Stanislas Guérini : "les autres ne pensent qu'à 2022"

Stanislas Guérini : "les autres ne pensent qu'à 2022"
Stanislas Guérini à Matignon, le 20 mai 2020.

, publié le dimanche 20 septembre 2020 à 17h30

Le délégué général de LREM s'est attaqué aux personnalités politiques de droite, trop concentrées selon lui sur l'échéance de 2022.

Xavier Bertrand, Guillaume Peltier, Marine Le Pen... depuis plusieurs jours, une échéance revient régulièrement : la présidentielle de 2022. 


"Il ne faut pas se tromper d'élection", a lancé dimanche 20 septembre Stanislas Guérini, délégué général de LREM. Il fustige les velléités qu'aurait la droite de faire des régionales "le premier tour de l'élection présidentielle".

Selon Stanislas Guérini, qui s'exprimait en visioconférence aux journées de rentrée du MoDem, "les uns et les autres au fond envisagent l'élection régionale comme le premier tour de la présidentielle, comme la primaire de leur formation politique". "Je crois que ça serait une erreur profonde que de l'envisager comme ça", a-t-il jugé.

"Là où les autres ne pensent aujourd'hui qu'à 2022, je crois profondément qu'on doit être concentré sur les semaines qui viennent, sur les points d'attention de nos concitoyens", a-t-il développé, alors que Xavier Bertrand a assumé dimanche, sur Europe 1, son ambition d'être candidat à la présidentielle de 2022.

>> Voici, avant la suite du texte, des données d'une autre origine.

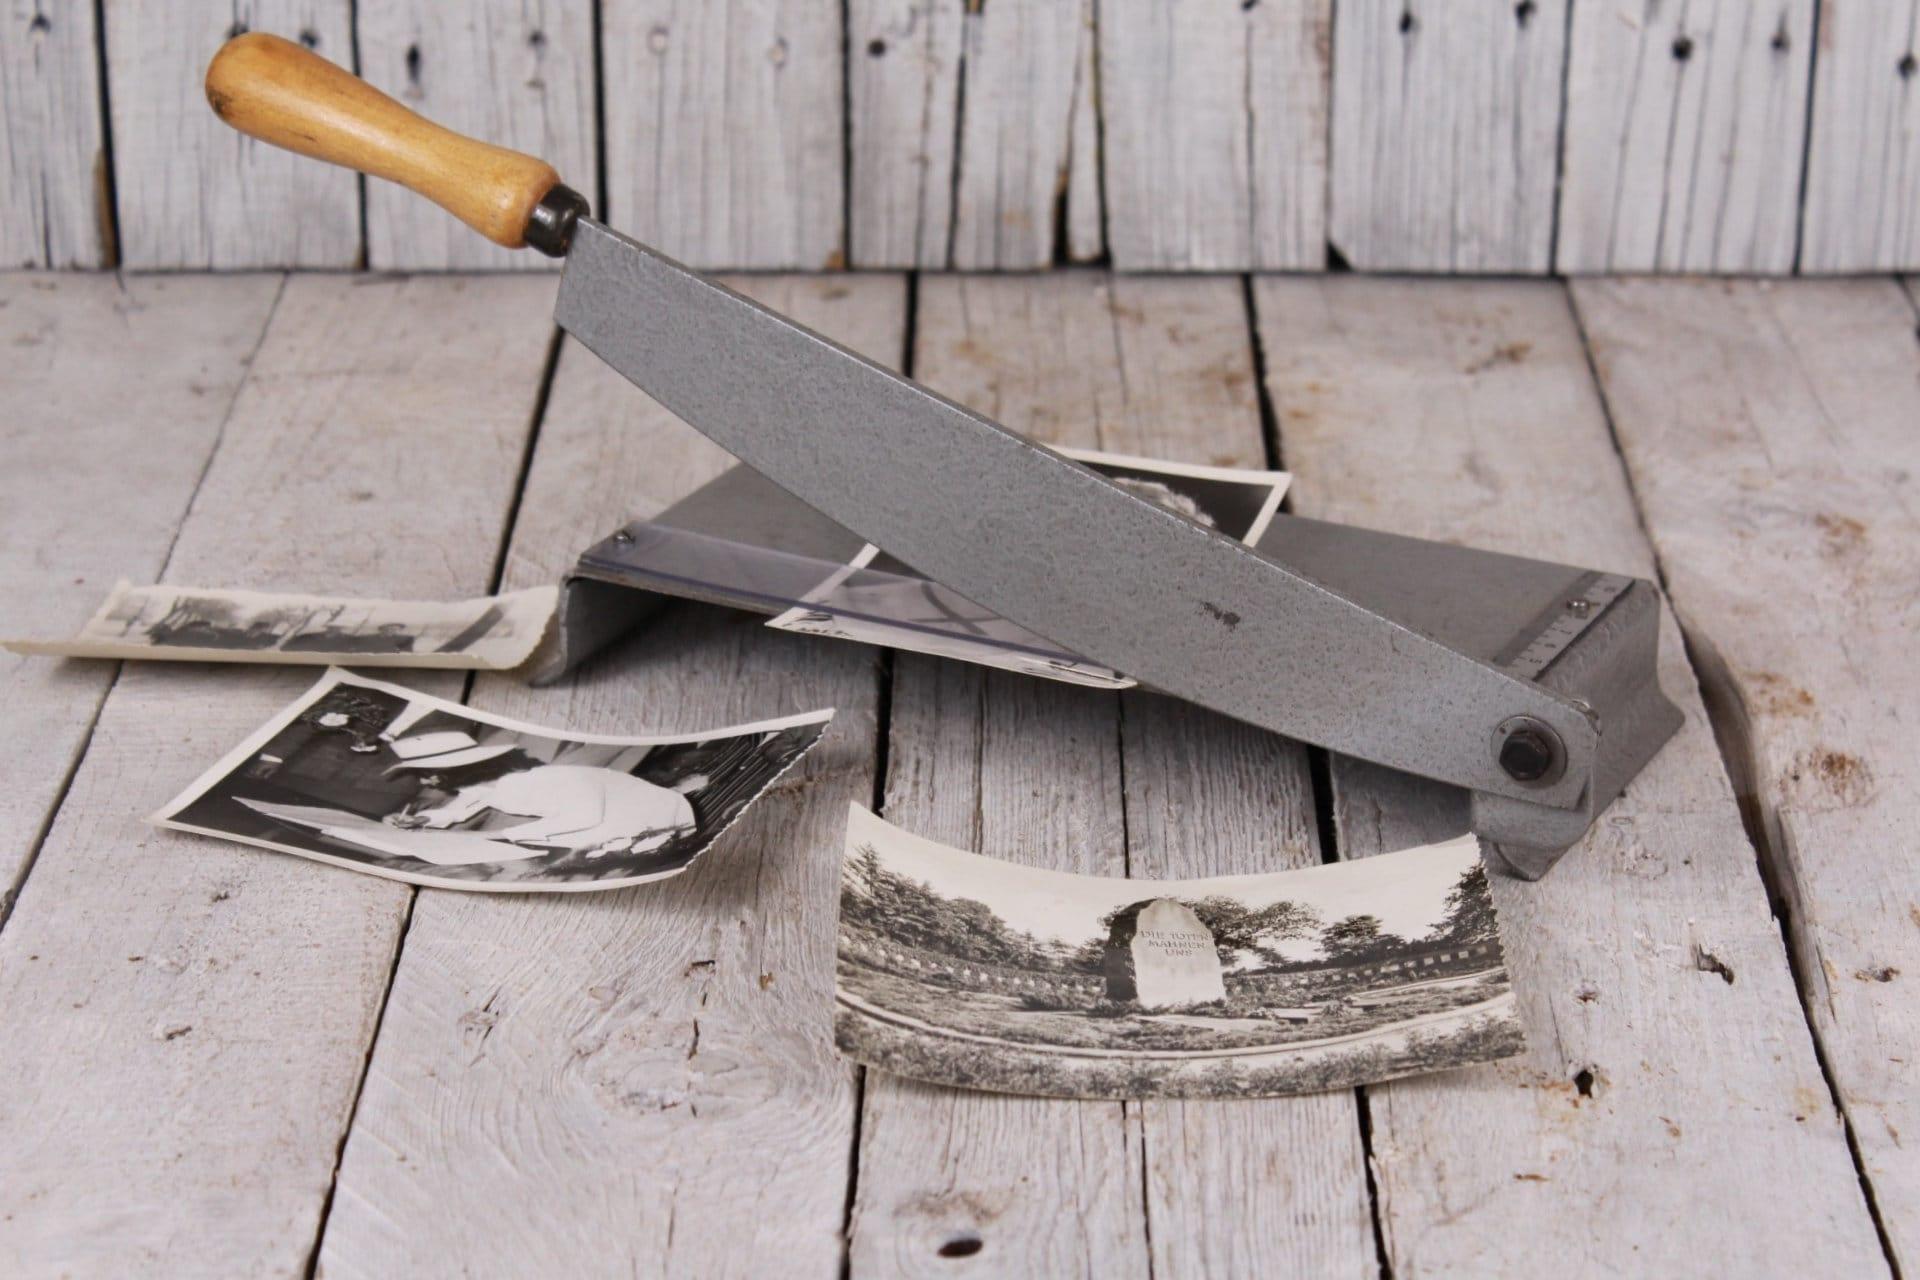 couteau à lames des curiosité années 1960 pour les photos, curiosité des coupe-papier, coupe défilement photos, vieux coupeur de photo, outil de coupe guillotine, coupe photo Vintage 8417d0
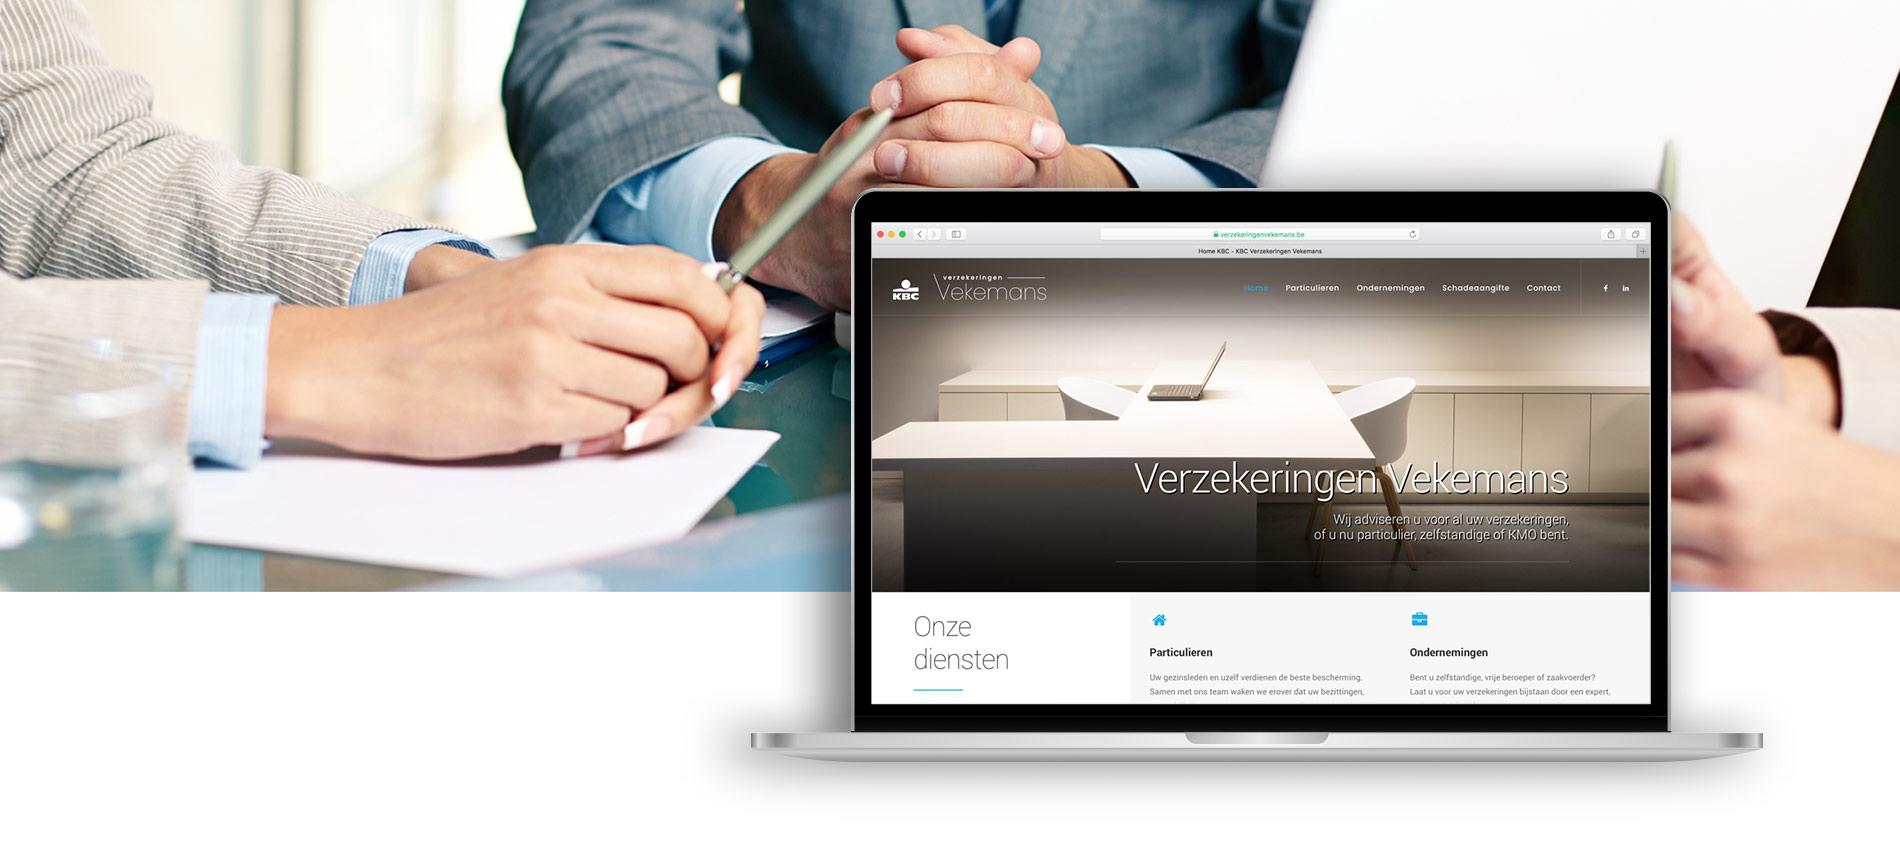 Voorbeeld van website design KBC verzekeringen vekamans

"Porter l'intérêt général"

"Nous, nous devons porter l'intérêt général, nous devons porter l'enjeu de relance", a insisté Stanislas Guérini, soulignant que le gouvernement aura "besoin de régions"avec lesquelles il "travaillera main dans la main pour réussir" le plan de relance.

Le président des Hauts-de-France, qui a quitté Les Républicains en 2017, a décrit les élections régionales de mars 2021, lors desquelles il visera sa réélection, comme son "rendez-vous de la confiance". Stanislas Guérini a encore vanté la "maison commune" qu'est selon lui la majorité présidentielle à laquelle appartient le mouvement de François Bayrou.

Pour le député de Paris, "elle doit être respectueuse des sensibilités, des histoires, des spécificités de chacune des organisations qui la composeront", sans "esprit d'effacement" ni d'"enfermement". "Plus le mandat avancera, plus les échéances électorales avanceront, moins nous aurons le droit de ne pas être d'accord", a-t-il souligné.